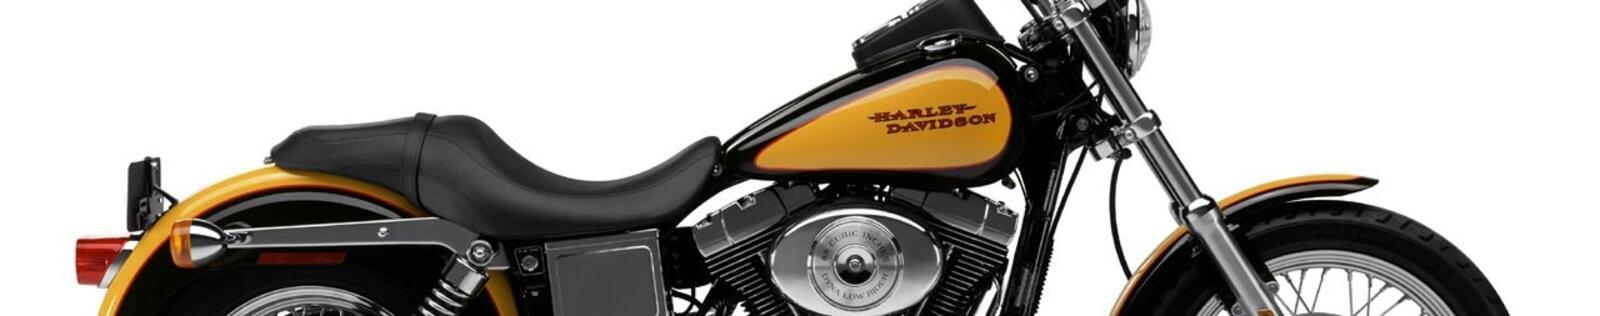 Offerta Harley Reunion Rimini
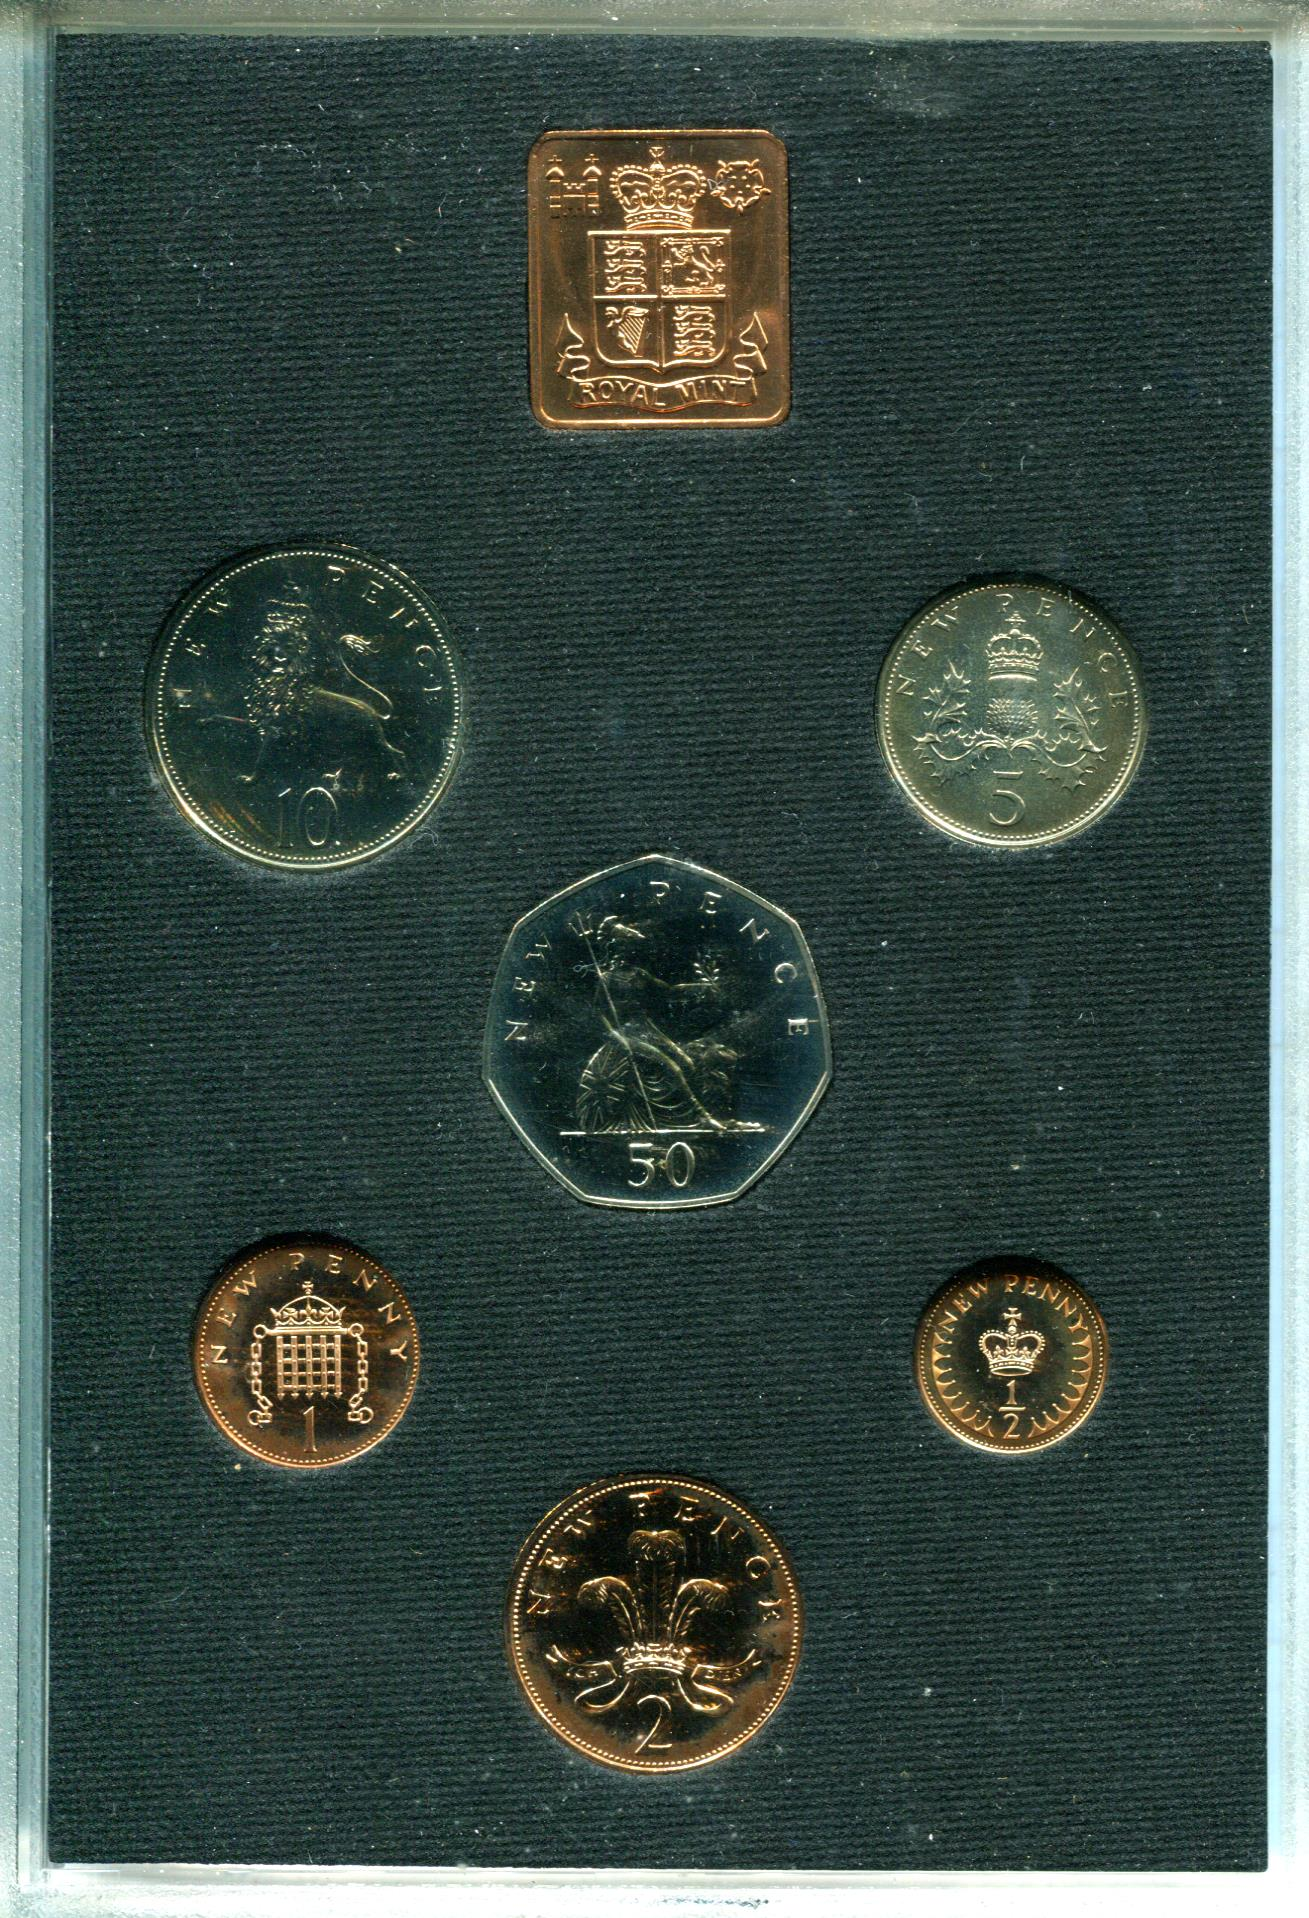 18th century coin value
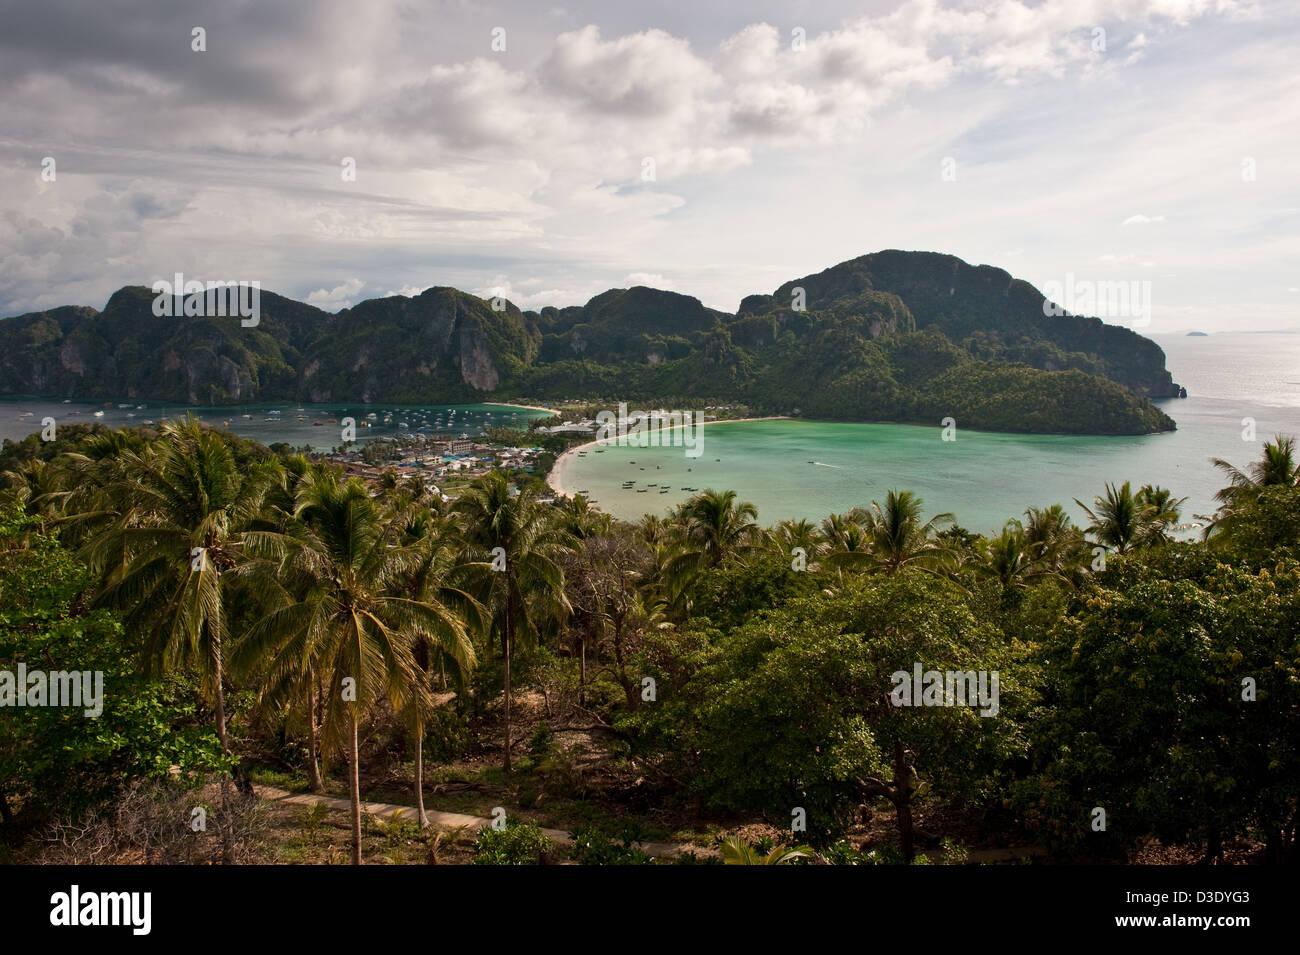 Phi Phi Islands Beaches Loh Dalum Tonsai Bay Long Beach: Phi Phi Iceland Stock Photos & Phi Phi Iceland Stock
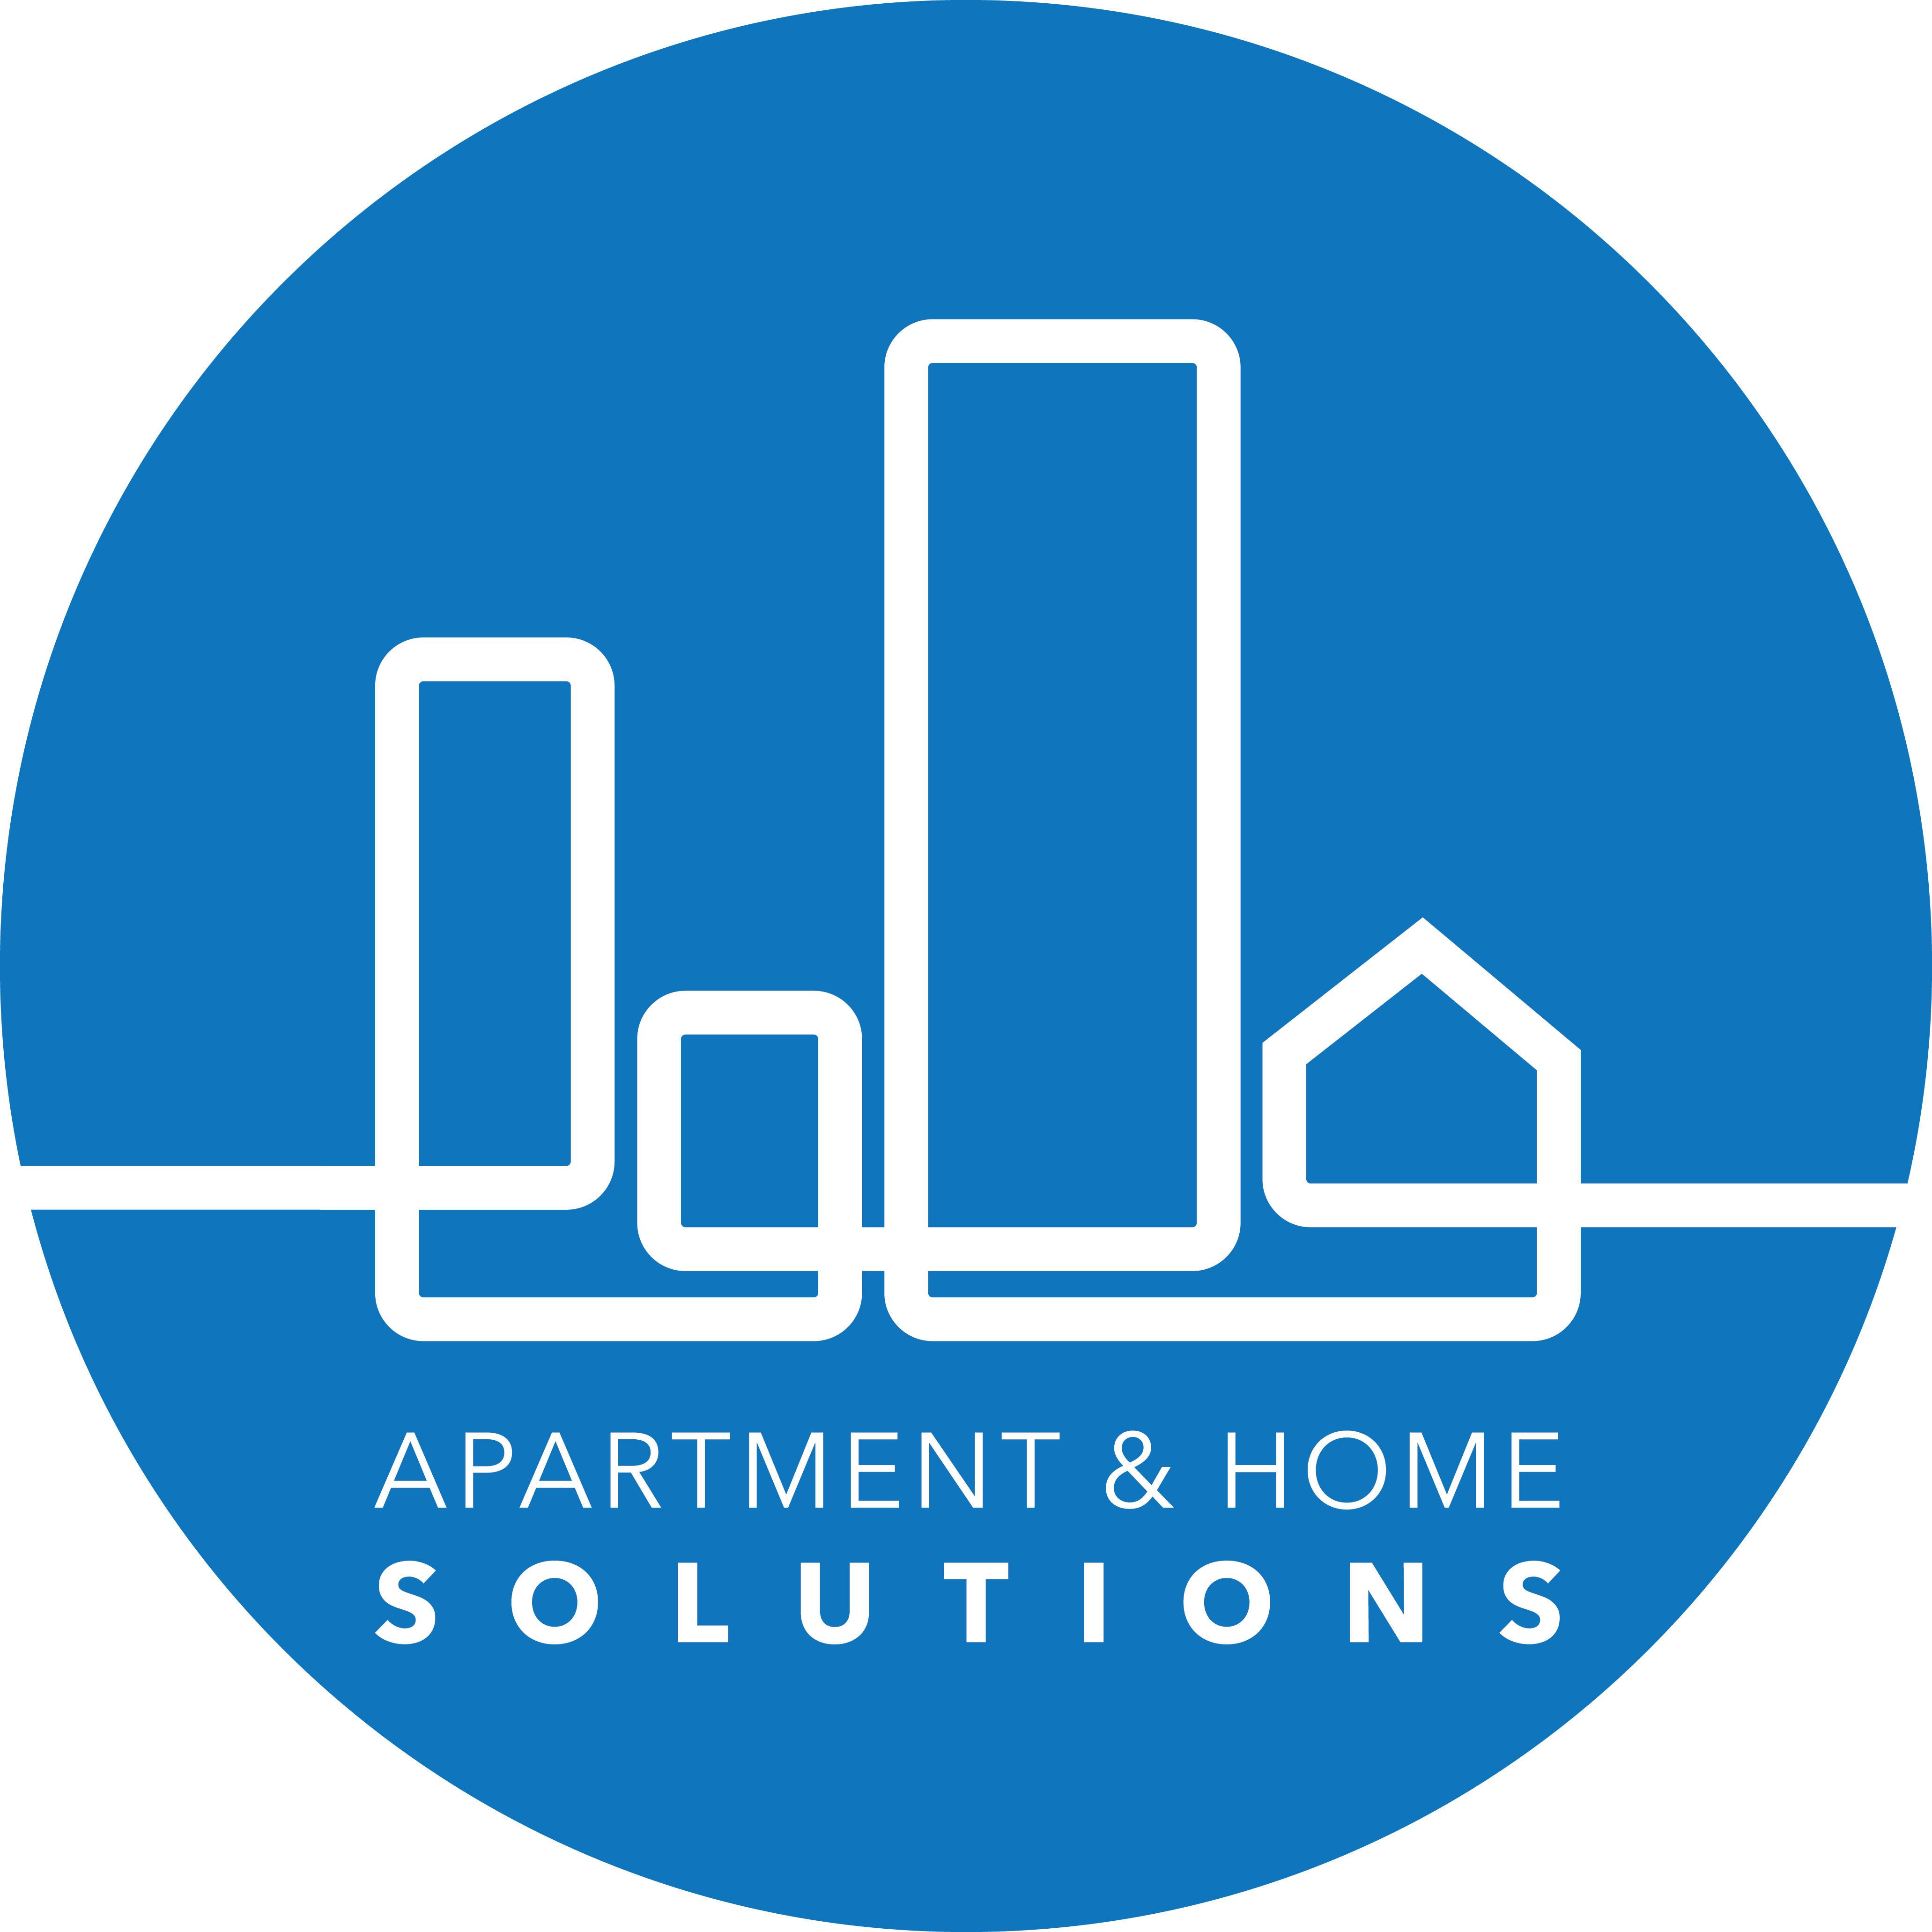 Apartment & Home Solutions In Phoenix, Az 85032

··········

Assigned task: Retype the data shown above exactly, excluding any picture it contains.

Result of the exercise:
 Offerta Harley Reunion Rimini
 18th century coin value
 Phi Phi Islands Beaches Loh Dalum Tonsai Bay Long Beach: Phi Phi Iceland Stock Photos & Phi Phi Iceland Stock
 Apartment & Home Solutions In Phoenix, Az 85032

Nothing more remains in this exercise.